Den Vorständen in Berlin und Mecklenburg-Vorpommern waren zuvor Vergleiche angeboten worden, um den Streit beizulegen. Die WASG im Nordosten akzeptierte das Angebot, woraufhin ein Urteil über die Entmachtung des Landesvorstands vertagt wurde. Der abgesetzte Vorstand in Mecklenburg-Vorpommern sei bis zu einer neuen Entscheidung wieder eingesetzt worden, sagte Troost. Es sei eine „gute Entscheidung“, die beiden Fälle „nicht über einen Leisten zu schlagen“, sagte Troost. Bundesvorstandsmitglied Klaus Ernst zeigte sich zuversichtlich, dass ein Kompromiss in Mecklenburg-Vorpommern doch noch zustande komme. Es gehe nicht darum, etwas gegen Personen zu unternehmen, sondern die Parteitagsbeschlüsse durchzusetzen.

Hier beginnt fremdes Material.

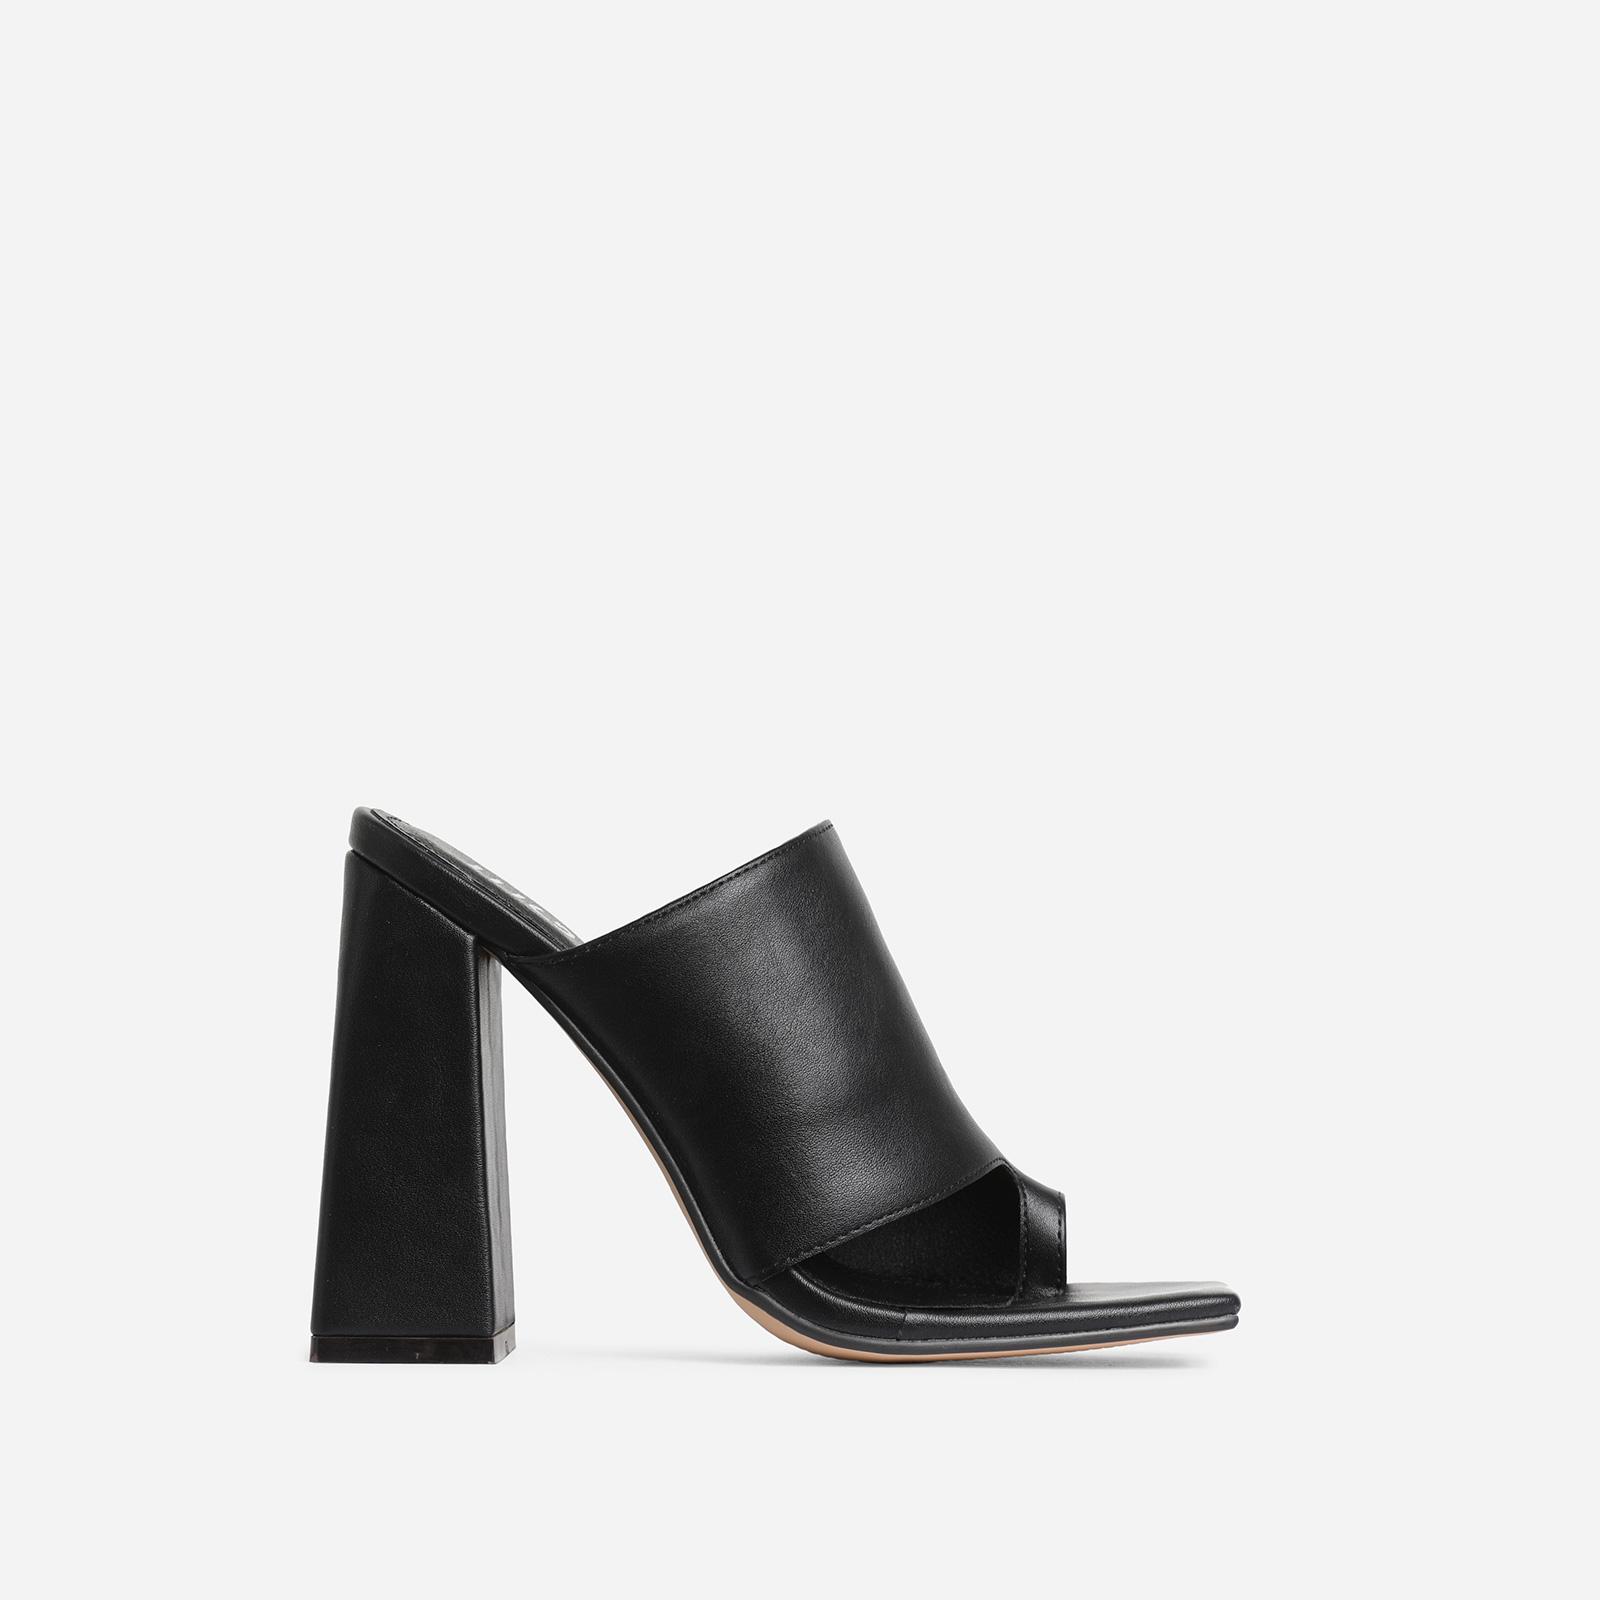 Anfo Square Peep Toe Flared Block Heel Mule In Black Faux Leather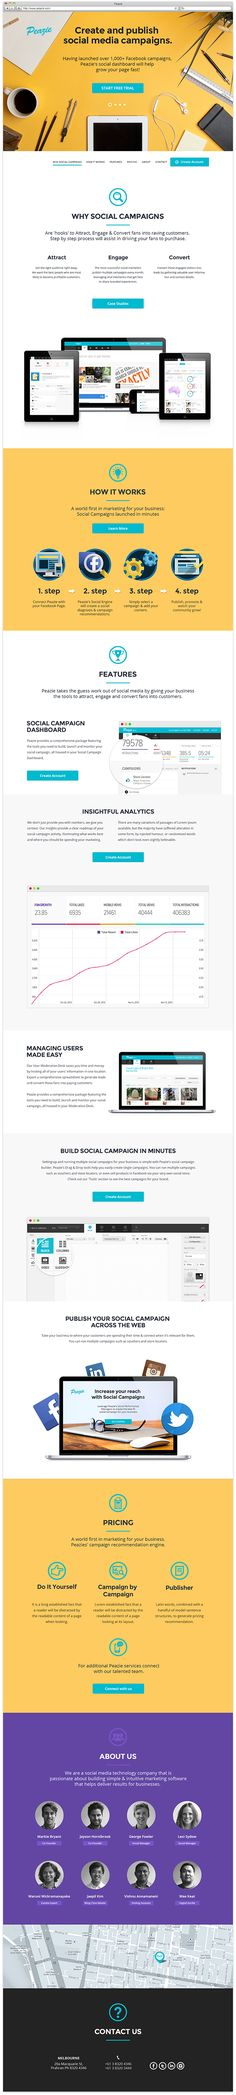 Peazie #Web #Design #WebDesign  | web design inspiration | digital media arts…

Der abgesetzte Berliner Vorstand behielt sich weitere rechtliche Schritte vor. Ob ordentliche Gerichte angerufen würden, hänge von der Urteilsbegründung ab. Die abgesetzen Landesvorstände hatten das Schiedsgericht angerufen, weil sie ihre Entmachtung durch den Bundesvorstand für satzungs- und gesetzwidrig halten. Der Bundesvorstand hatte zu dieser Maßnahme gegriffen, um einen eigenständigen Wahlantritt der WASG-Verbände zu den Landtagswahlen am 17. September zu verhindern. Die Bundesspitze sieht darin einen Verstoß gegen das Ziel der WASG, bis 2007 mit der Linkspartei zu einer vereinigten Linken zu fusionieren.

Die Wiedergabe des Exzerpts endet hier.